Kaki ku mulai bergetar saat melangkah memasuki pagar, debar
jantung ku sulit untuk di control. Hal seperti ini selalu terjdi sejak lima
tahun terakhir. Aku berhenti di sebuah pusara, sembari berlutut aku meletakkan
rangkaian bunga di depan nisan. Ini makam mama, tempat peristirahatan terakhir
orang yang sngat aku cintai. Hanya dengan cara menolong banyak orang dari
kematian inilah aku bisa memaafkan diri ku, setidaknya aku mempertahankan hidup
ku untuk menebus kesalahan. Mama. aku masih ingat betul ketika pagi di hari
jumat. Aku tidak mendengar suara dentingan perabotan masak di dapur. Aku juga
tidak mendengar suara gesekan sandal mama di rumah. Tidak ada yang datang mengelus
rambut ku ketika subuh tiba. Kata ayah mama masih tidur, mama bilang tidak enak
badan dan ayah enggan mengganggu nya. Mengetahui hal tersebut aku segera masuk
ke kamar mama dituntun tongkat kayu. Aku duduk di ranjang lalu meraba sekitar
mencari tempat mama beristirahat. Tangan ku terasa menyentih bahu seseorang,
tubuh itu tidur menyamping. Rasanya tidak menghadap kearah ayah. Aku menaikkan
sedikit tangan ku untuk meraba wajah mama dan memastikan kondisi nya. Tiba-tiba
jemari ku tersengat suhu dingin dari wajah mama, hati ku mulai berdebar. Aku
memanggil mama pelan. Tidak ada jawaban. Aku memanggil lagi dengan nada sedikit
keras, tetap tidak ada jawaban. Ku guncangkan tubuh mama tetap saja tidak ada
reaksi. Jeritan ku menggelegar dan tangisan ku pecah hingga membuat ayah kaget.
Dokter mengatakan bahwa mama meninggal karena meminum obat
tidur terlalu banyak. Hal yang paling mengejutkan adalah semua itu sepertinya
disengaja oleh mama karena tiga hari sebelumnya mama pernah datang menemui
dokter. Dari keterangan dokter mama berpesan agar matanya di berikan kepada ku,
jika tabungan mereka tidak cukup untuk biaya operasi dokter boleh menjual organ
tubuhnya kepada orang yang membutuhkan.
Bagaimanapun aku sangat terpukul, aku mmbenci diri ku
sendiri. Ayah, satu-satunya yang aku punya selalu menguatkan aku dan mengatakan
bahwa ini bukan kesalahan ku. dengan paksaan dari ayah akhirnya aku menjalankan
operasi itu. Kemuliaan hati mama menyentuh hati dokter yang menangani operasi
ku. aku dibebaskan dari seluruh biaya sampai mata ku normal kembali.
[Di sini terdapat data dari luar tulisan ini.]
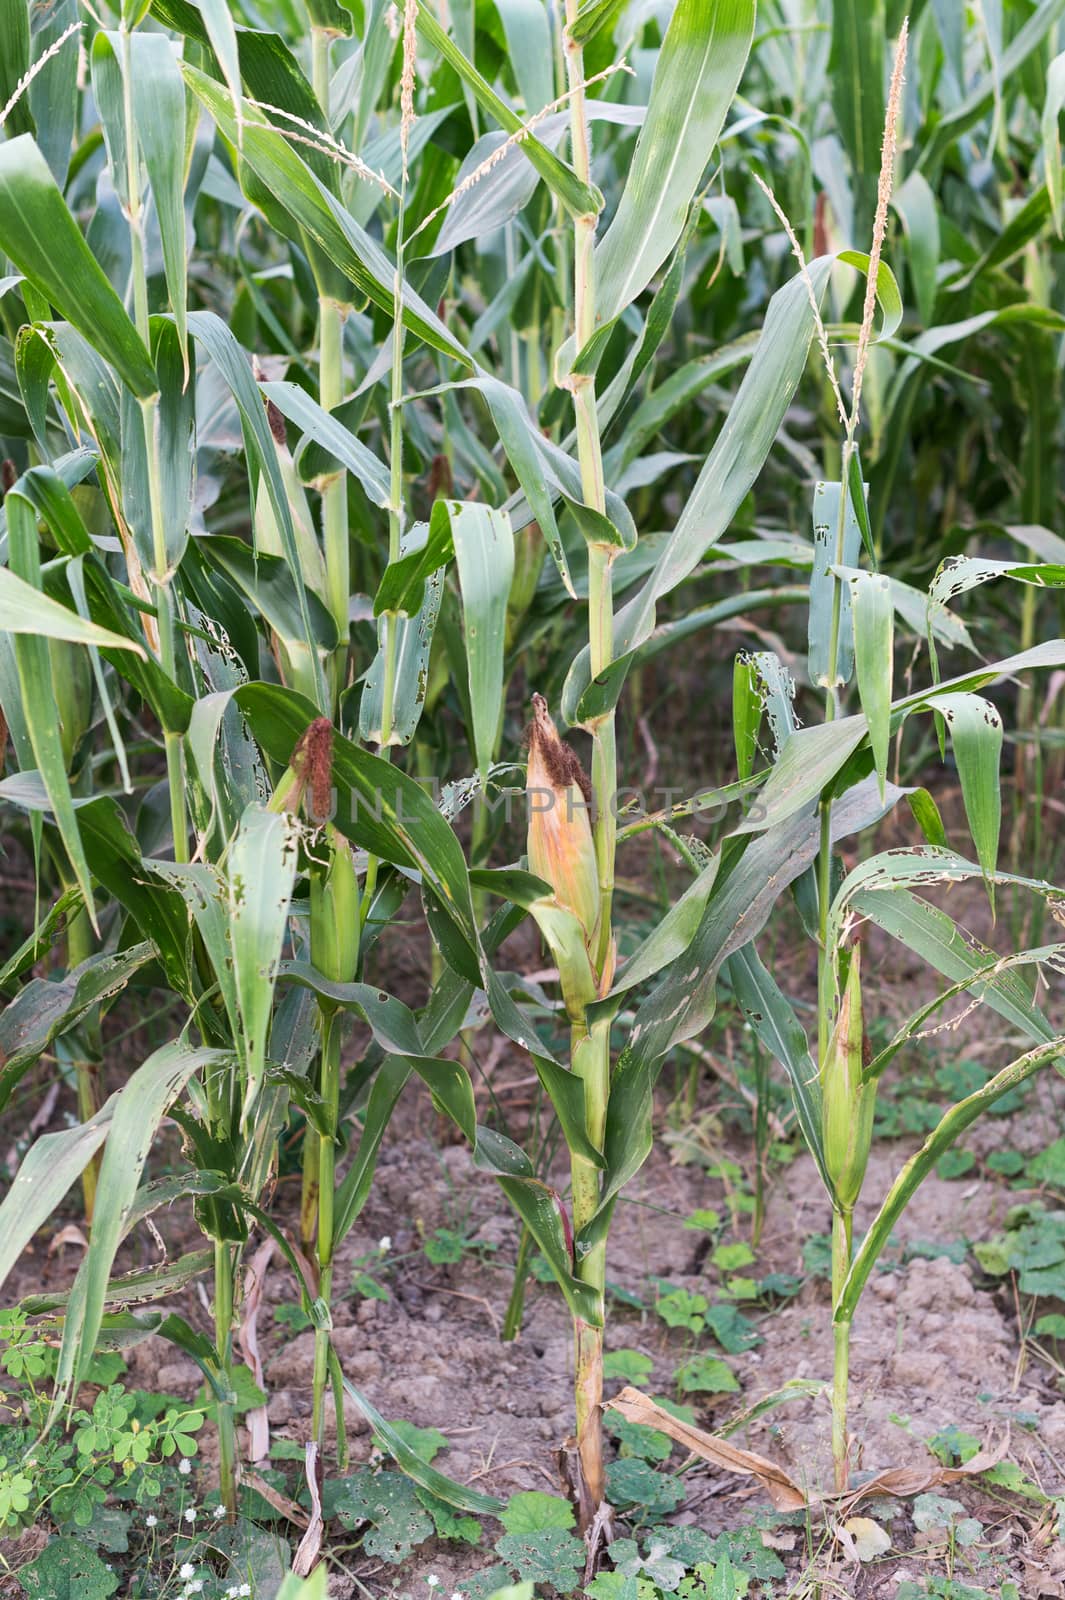 Farm of corn plant closeup

Kini mama sudah tidak ada di samping ku, namun dengan mata
ini aku selalu merasa melihat mama dalam diri ku. Pengorbanan yang mama lakukan
memang salah, siapapun tidak membenarkan bunuh diri adalah jalan terbaik. Aku
selalu berdoa agar Allah memaafkan mama dan menghargai niat mulianya. Mama.